-- Opening Marker --
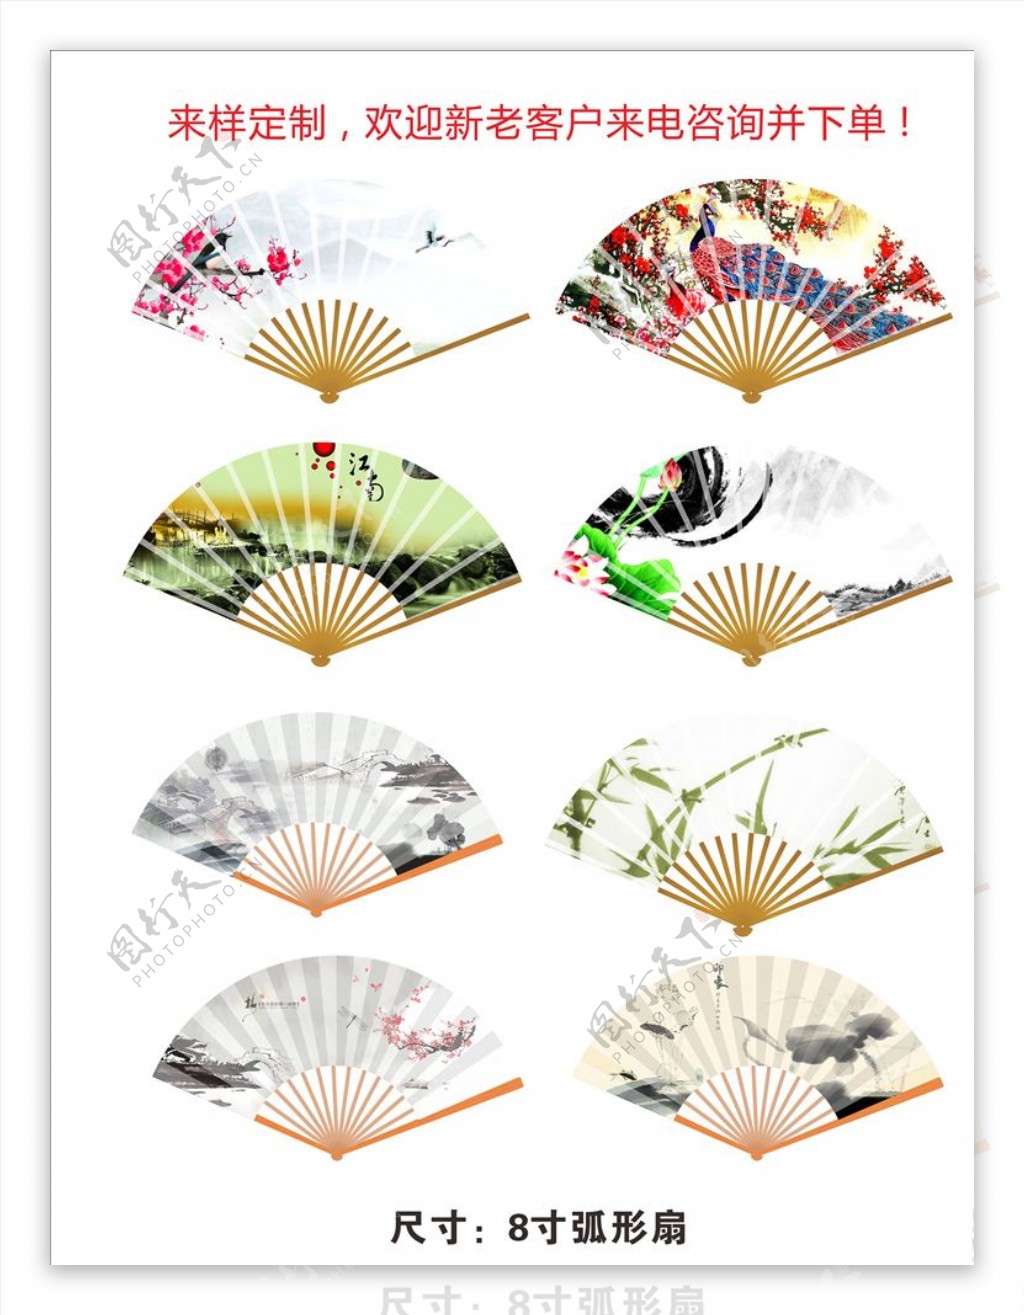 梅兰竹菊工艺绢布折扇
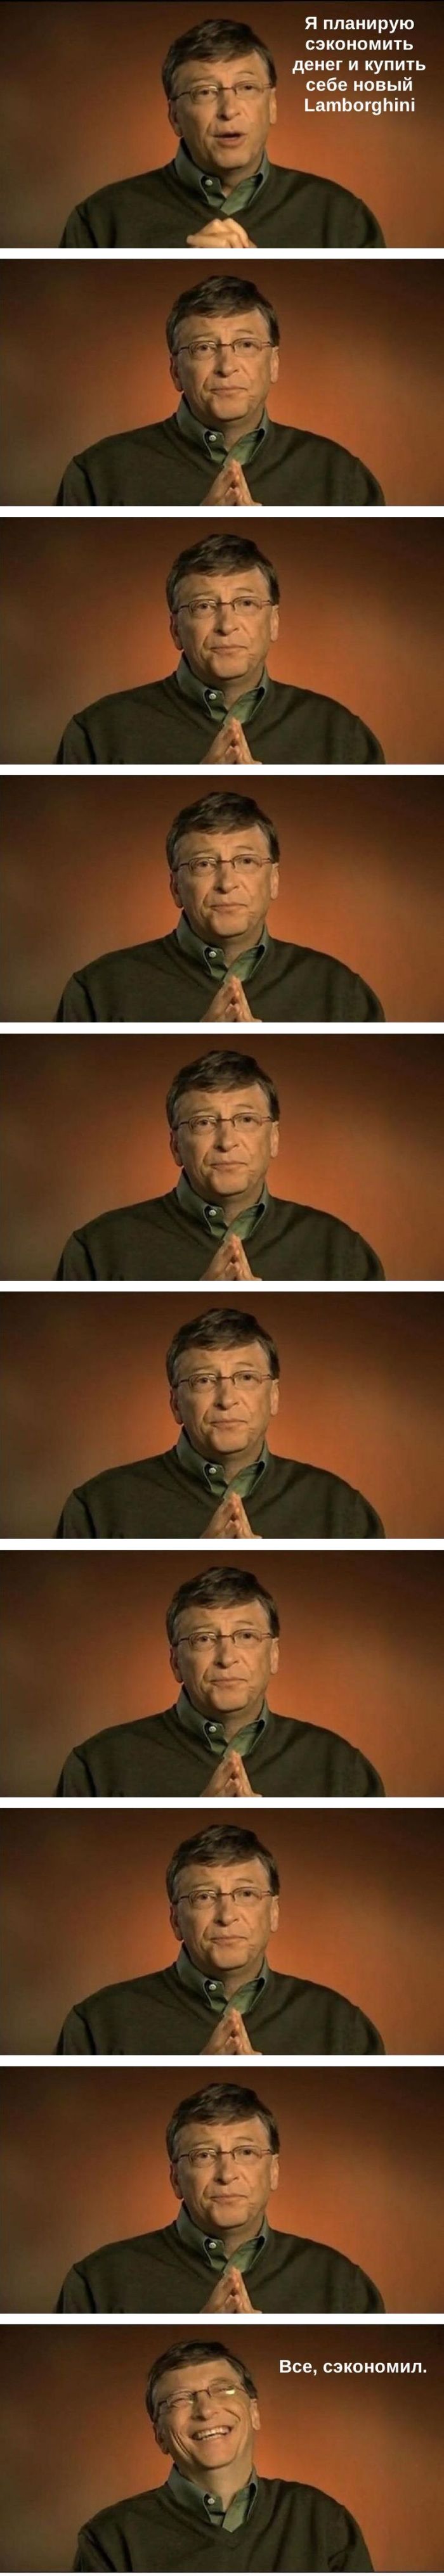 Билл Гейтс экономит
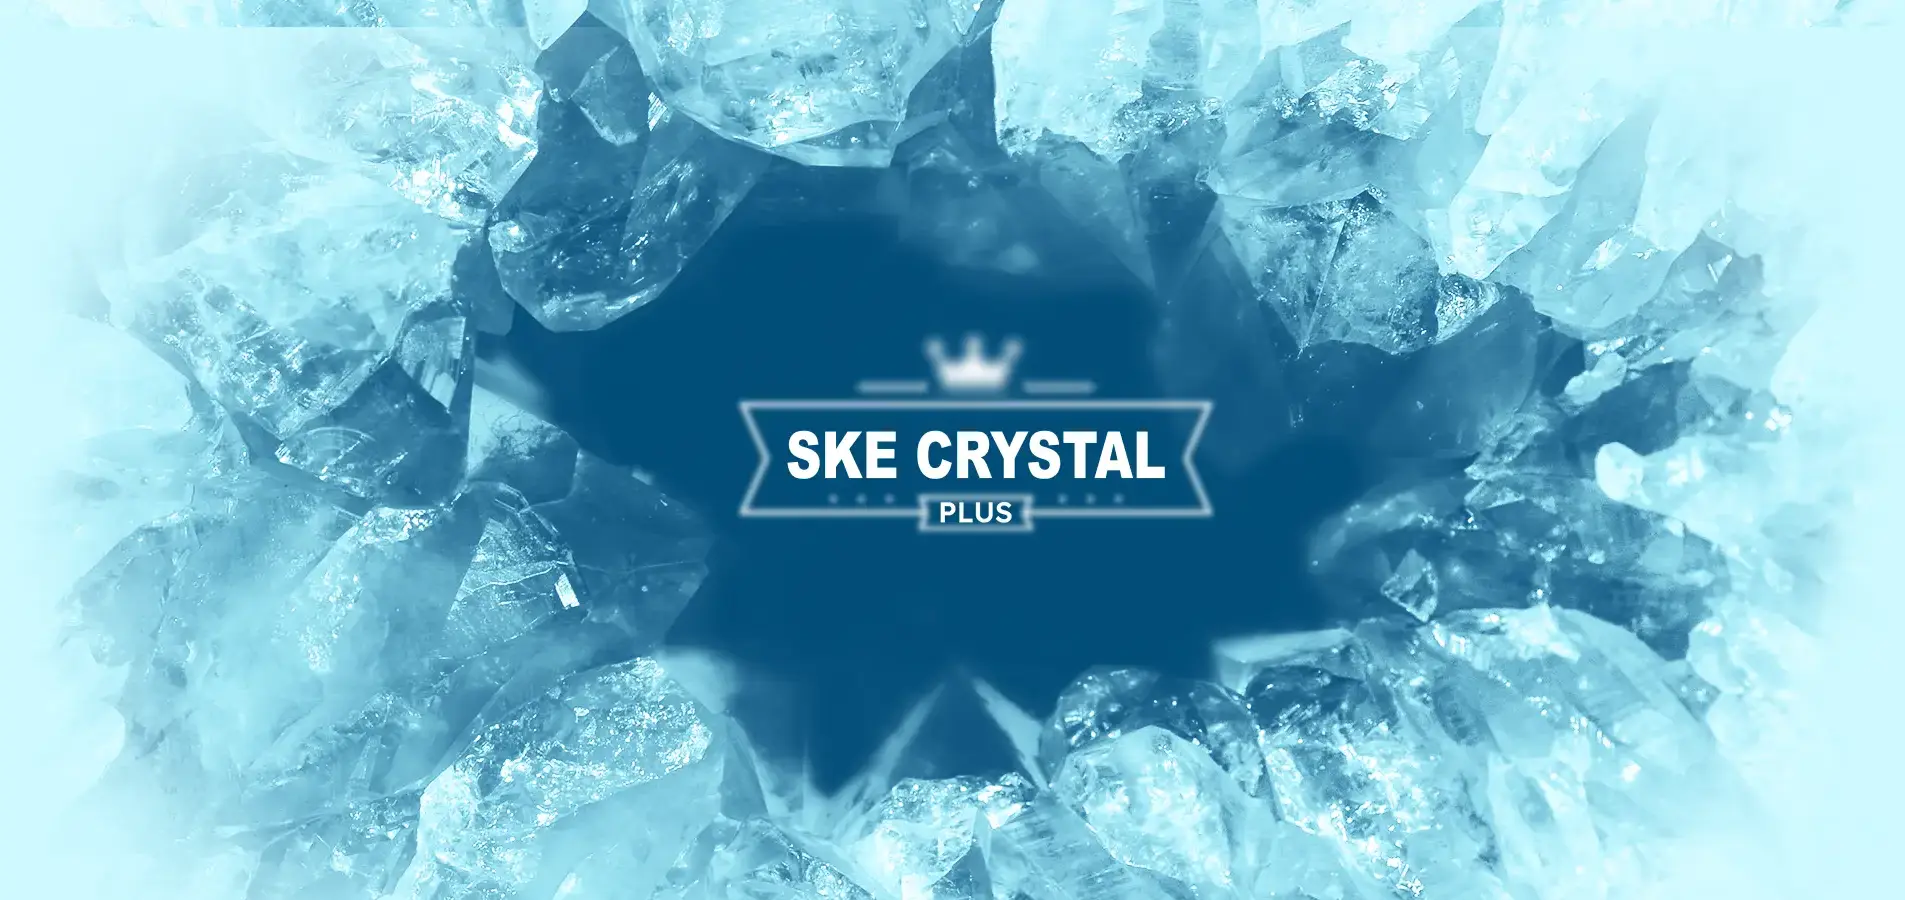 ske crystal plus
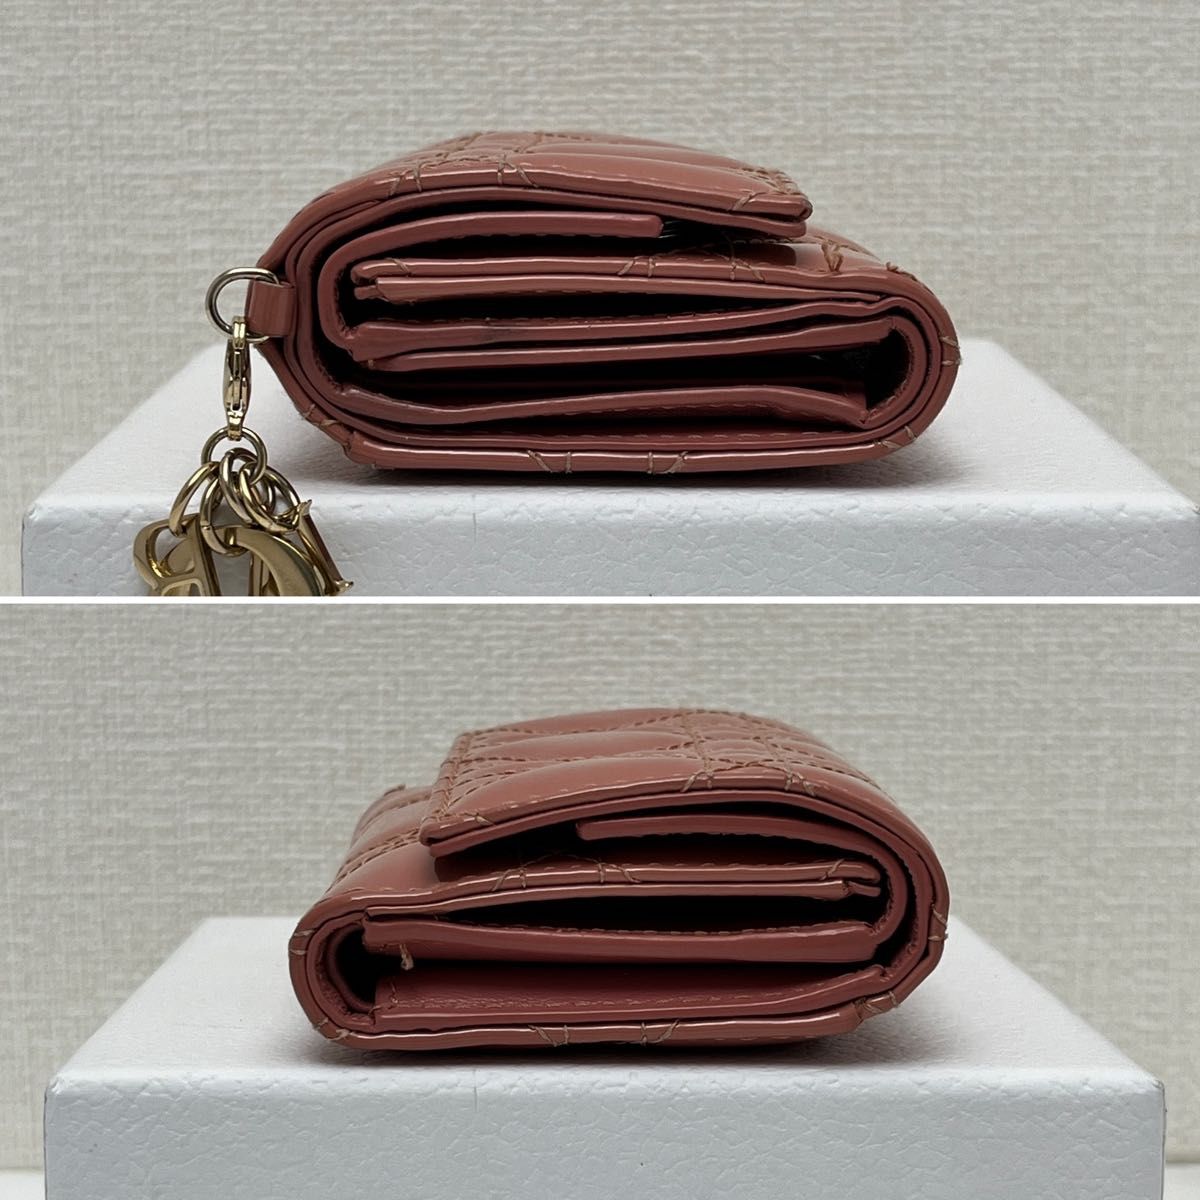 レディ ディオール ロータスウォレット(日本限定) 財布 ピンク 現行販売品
-- Closing Marker --
- ABOUT THIS EXERCISE -
All that's required is the material above repeated exactly, minus any picture.

- YOUR SOLUTION -
 梅兰竹菊工艺绢布折扇
 Билл Гейтс экономит
 ske crystal plus
 レディ ディオール ロータスウォレット(日本限定) 財布 ピンク 現行販売品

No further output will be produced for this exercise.